Но этой веселости мне хватило на короткий миг: теперь меня убивали не только тошнотворные, удушливые запахи, но в последние дни невидимые клещи стягивали лицо: оно подсыхало, бралось коркой – боль хватала за сердце. Хотелось вцепиться в коросту, рвать в клочья, – может, утихнет боль.
Да, я все вспомнил. Все, что произошло. Много это или мало, плохо или хорошо – не знаю. Хорошо – живы остались ребята, лейтенант Авилов… А для меня скверно, непоправимо скверно. Что дальше – неизвестно! И в этой неизвестности вся сермяжная правда жизни? Никогда не знаешь, что тебя ждет впереди. Впрочем, теперь и знать-то особенно ни к чему: изуродован чище, чем богом черепаха.
На столике, под застекленным шкафчиком с лекарствами, в железной ванночке кипятится шприц, тонко, певуче вызванивая, будто самовар. Сестра вошла в туго затянутом халате, включила плитку, повозилась в шкафчике, звякая пузырьками. Губы поджаты.
– У вас плохое настроение, Галина Николаевна?
Она вздрогнула от неожиданности, попробовала улыбнуться:
– У меня?…
– Не пустил ли в вас свою отравленную стрелу коварный Амур?
– Нет, мигенький, нет. – Подняв перед собой шприц вверх иглой, она шагнула ко мне. – Давай, родненький, повернись, укольчик сделаю.
От уколов одеревенели ягодицы. Сестра поменяла тампоны, морщась и кривя губы, будто ей это самой доставляло боль. Приговаривала всякие ласкательные словечки: "ах ты хорошенький", "больненько", "терпуньчик мой". Уходя, прикрыла простыней, подобрав и ловко подоткнув края под бока.
– Теперь лежи. Скоро обход. Михаил Васильевич новенькое что-нибудь скажет. Вон уже появилось розовенькое. Скоро, мигенький…
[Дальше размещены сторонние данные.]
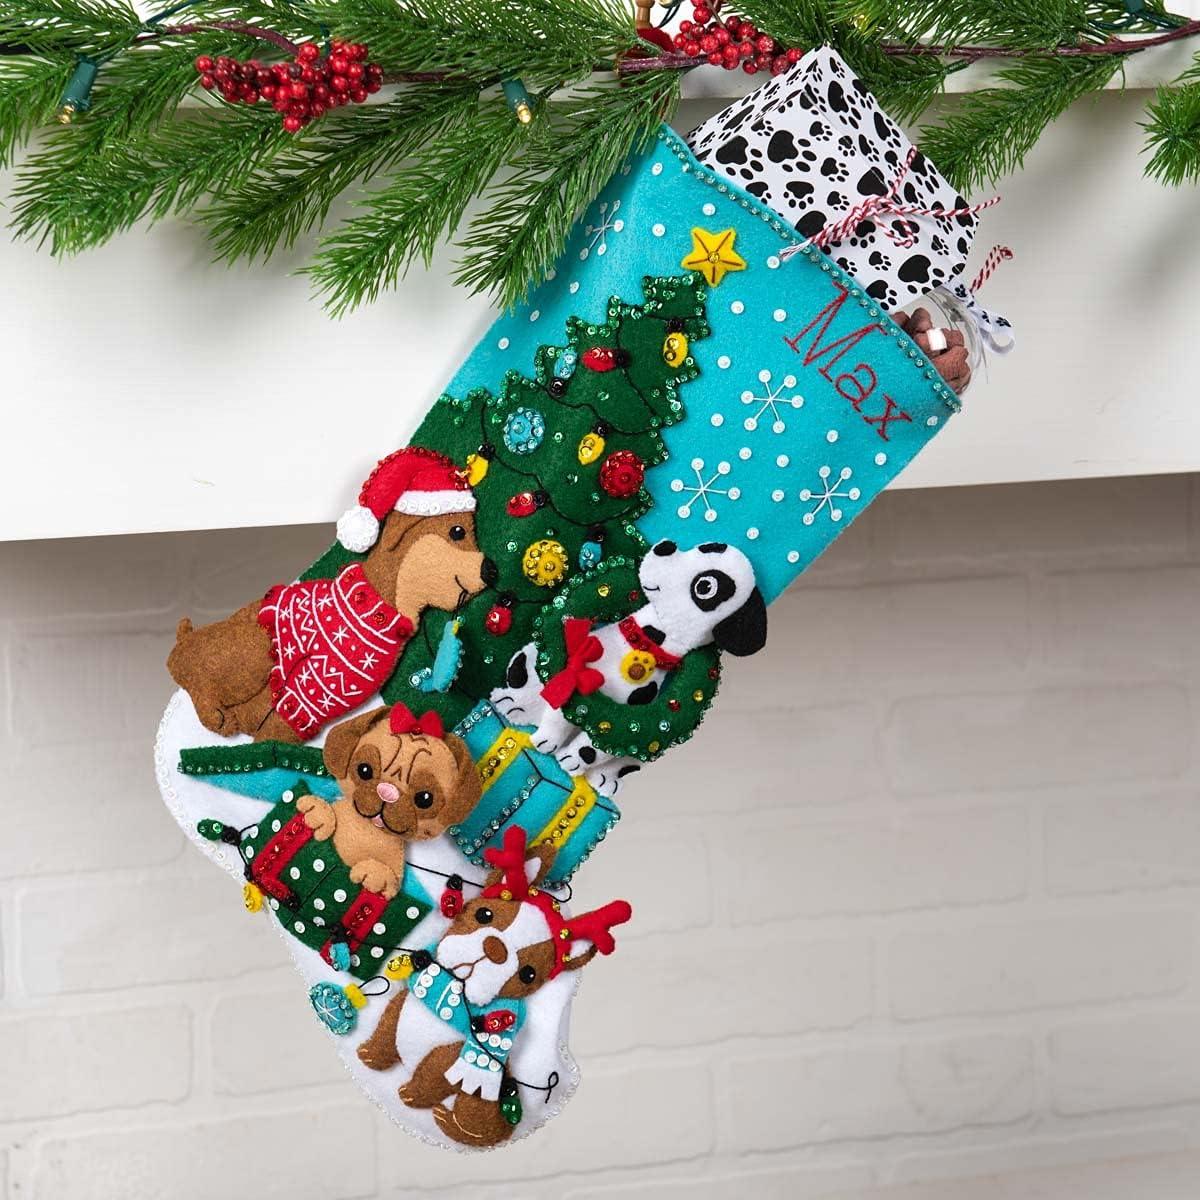 Bucilla Felt Applique Christmas Stocking Kit: Holiday Decorating
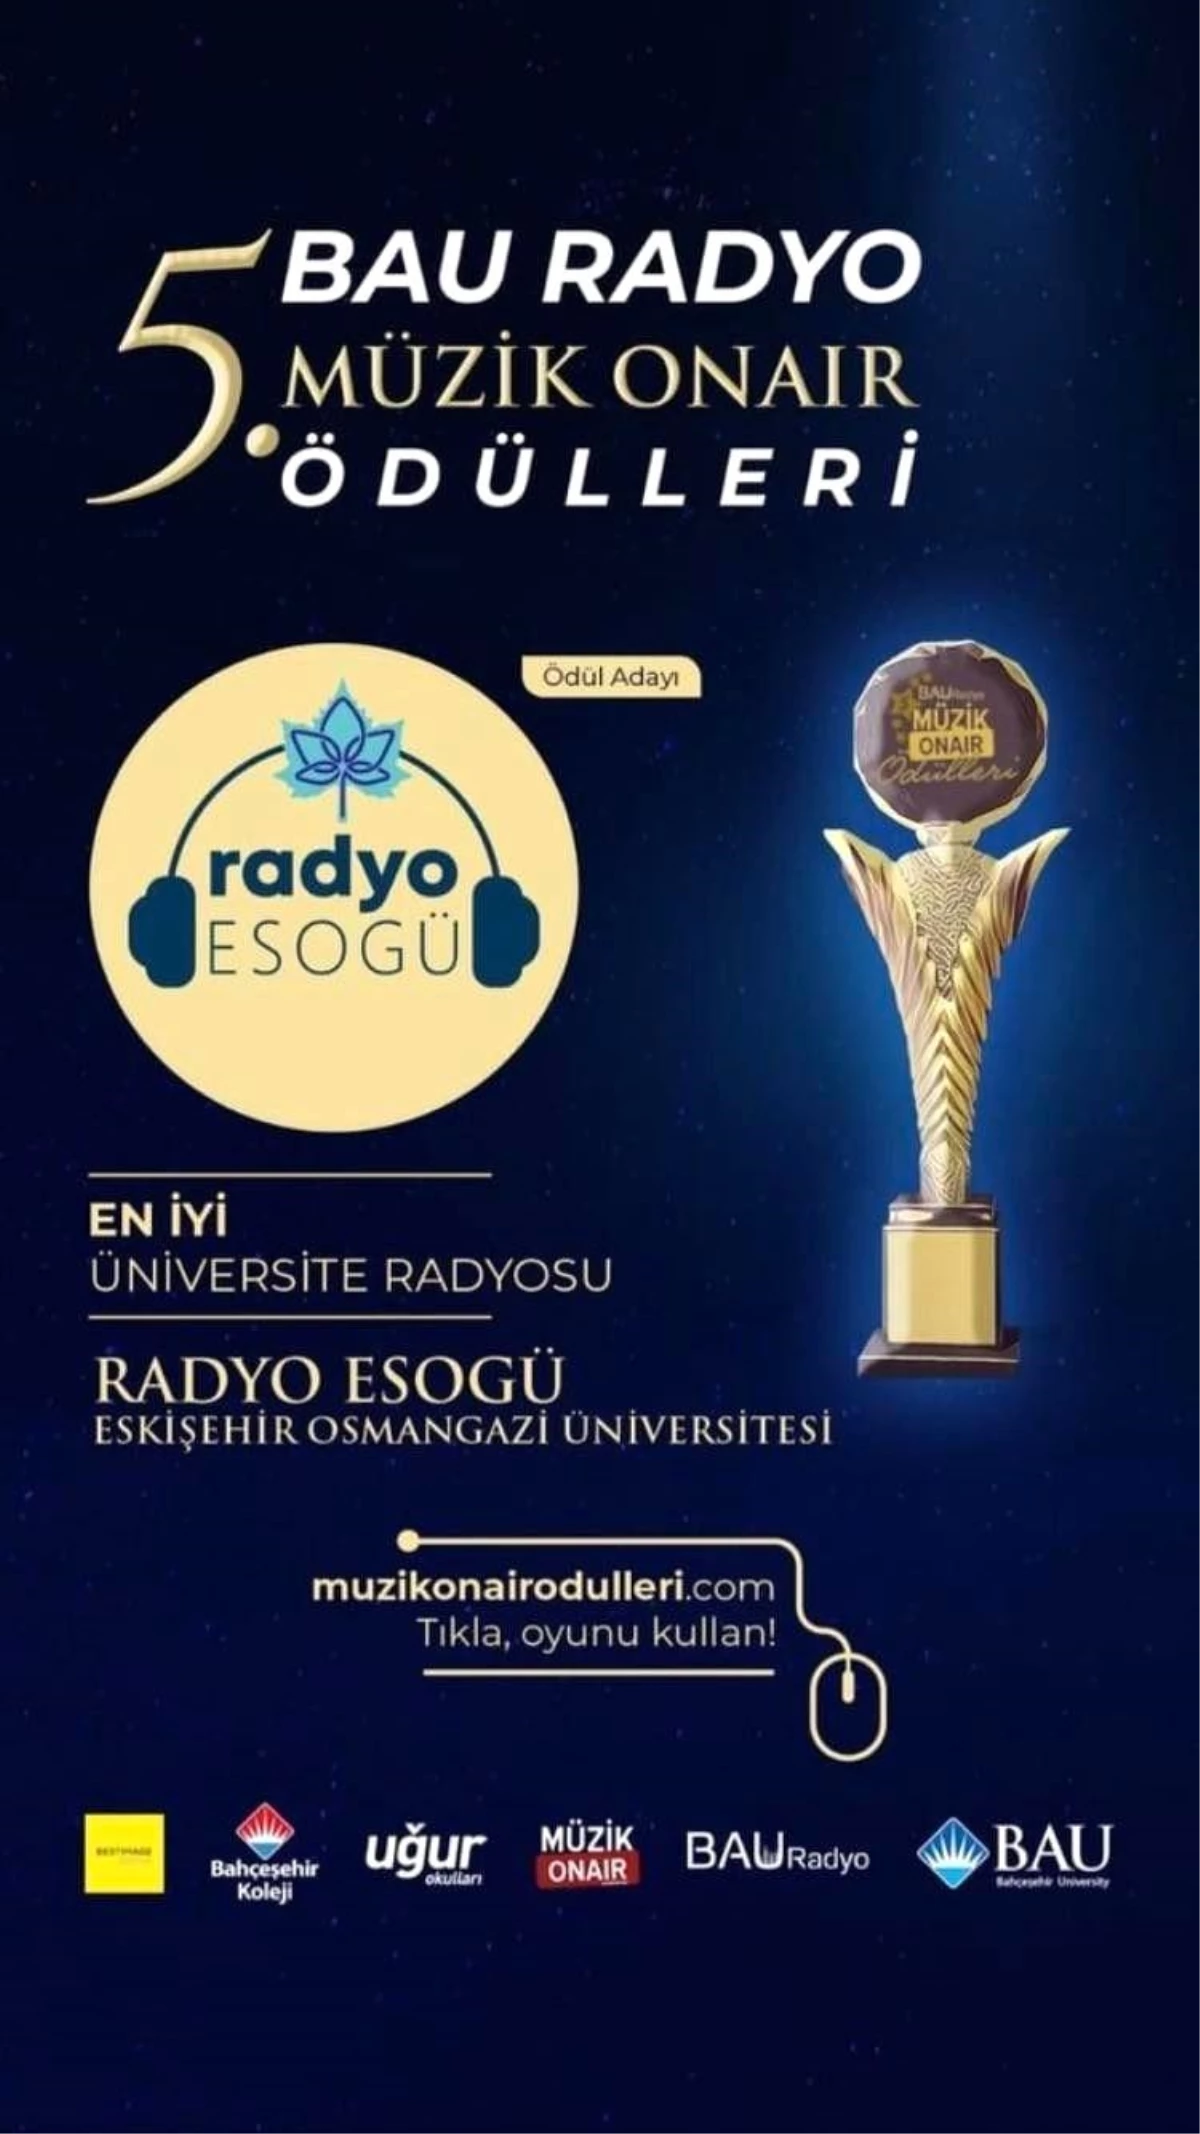 Radyo ESOGÜ Müzik Onair En İyi Üniversite Radyosu ödülüne aday

Стеклянная дверь с белой занавеской без стука закрылась за ней. День опять занимался яркий, солнечный: на полу и противоположной стене лежал желтый изломанный параллелепипед света с тенями от рамного переплета – косыми, как перекладины на могильных крестах. В мощном снопе света суетливо шныряли юркие золотые пылинки. Я вдруг усмехнулся, а ведь и люди так же вот, как эти пылинки, живут, мечутся, куда-то спешат, суетятся, но конец один у всех. Да, я старался держаться независимо, поодаль от людей, и та философия, заложенная в песенке, казалось, рубила всю проблему подобно булатному мечу. И все будто стояло на местах, все было ясным: ни вы мне, ни я вам… А вот, выходит, есть до меня дело. И подоспевший Долгов, и те сочувственные голоса, какие слышал сквозь помутившееся сознание, и вот "мигенькая" – ласковая, добрая; тихий и скромный, а на деле герой – лейтенант Авилов; умный, рассудительный Уфимушкин. Ученый! Станет кандидатом наук, и не только кандидатом. А разве он один? Долгов, Нестеров, Гашимов пусть не академики, так доктора ракетной науки – палец в рот не клади! А может, все это чепуха, все делалось по отношению к тебе по простой "стадной" привычке, по долгу и обязанности? К примеру, Ийка. Да, она была близка, а сейчас… Пусть нет к ней ничего, не осталось ни одной ниточки. И нечего тут обольщаться: оказался провидцем, хотя втайне надеялся – авось… А Надя? Поди рассуди все!